I wanted to start what hopefully will become a series on C++ productivity that is geared towards .NET developers that have had at least some (maybe painful) experience with C++. The first topic I’m covering is memory management as this area is often cited as the killer reason to use a garbage collected runtime over a native language like C++.
“My code has ninety-nine problems, but memory management should not be one.”
Fair enough. Developing code is hard. Developing code that is stable and doesn’t leak like a sieve is even harder. Even in .NET we fight “leaks”, but as we became masters of the runtime we remembered simple rules to avoiding leaks in our managed application such as:
- Being mindful of a hooked event, making sure it is unhooked if the object lifetime of the observer is shorter than the subject.

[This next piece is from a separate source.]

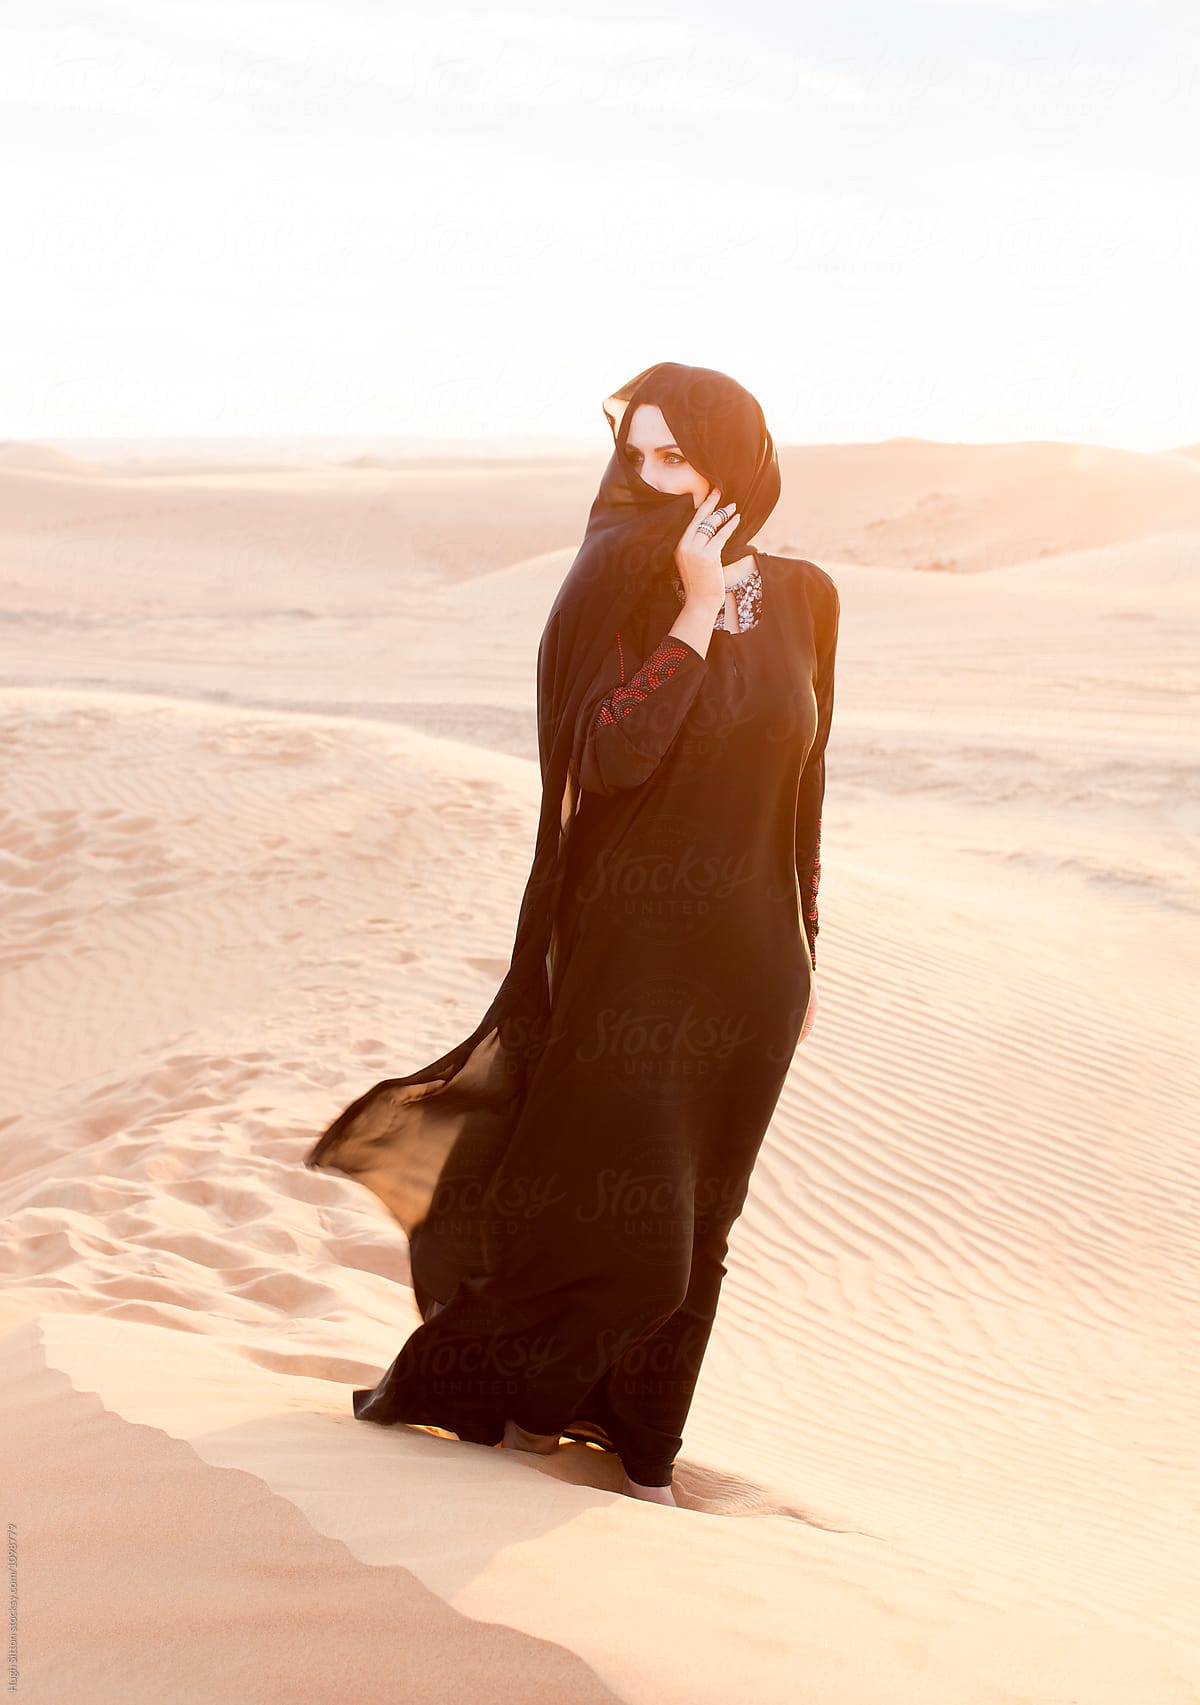 Middle Eastern Woman Wearing Hijab In Desert Dubai By Stocksy Contributor Hugh Sitton

- Static objects are rooted. Objects that static objects refers to are also rooted.
- Dispose an IDisposable or make use of the using statement.
- Be aware of framework deficiencies (like this one from WPF)

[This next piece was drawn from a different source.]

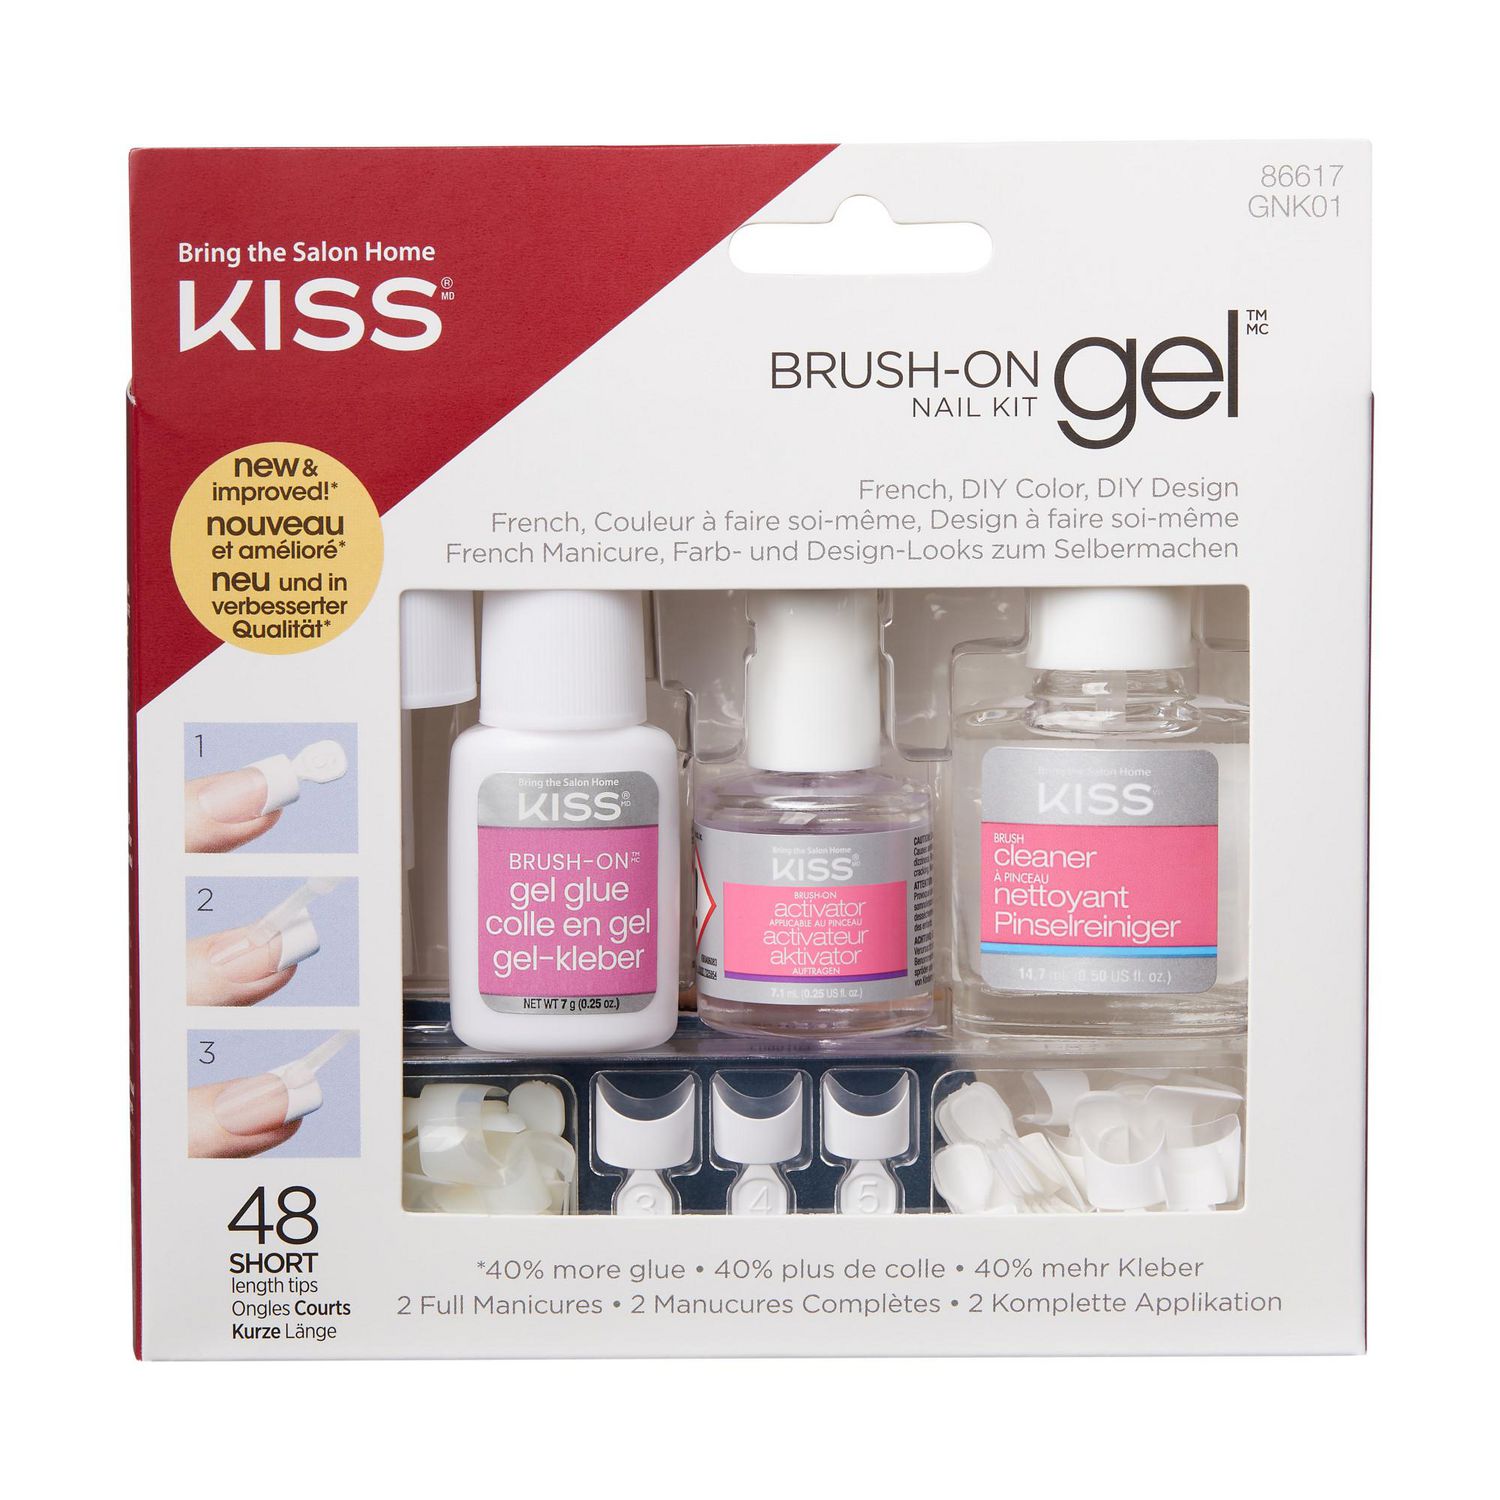 Kiss Brush-on Gel Nail Kit with 48 Short Length Tips 40% more Glue French  DIY | eBay

Being masters of the .NET runtime, rules like these are second nature to us. What about C++ where we directly allocate/deallocate memory? How much more difficult is it than .NET? Depending on your point of view, some say it’s easier. Just like .NET, you just have to remember some simple rules. I’ll explain as I go along, but first some background…
C++, Dynamic Memory and Automatic Variables
Apologies if this next part is rehash from computer science, but bear with me as it contains some important concepts. I won’t go too far in depth as there are thousands of smarter folks that have covered this far better than I. In C++ you have dynamically allocated variables and automatic variables. The distinction is very simple. Dynamic means you created something using the new keyword and will look like a pointer. Automatic means the new keyword was not used.
Here is an example of a class that uses dynamically allocated memory:
CMyClass* pClass = new CMyClass();
pClass->DoSomething();
Notice here that pClass is a pointer type. When we instantiate it with the new keyword, memory is allocated on the heap and that memory location is assigned to pClass. This memory will not be freed unless we execute delete pClass.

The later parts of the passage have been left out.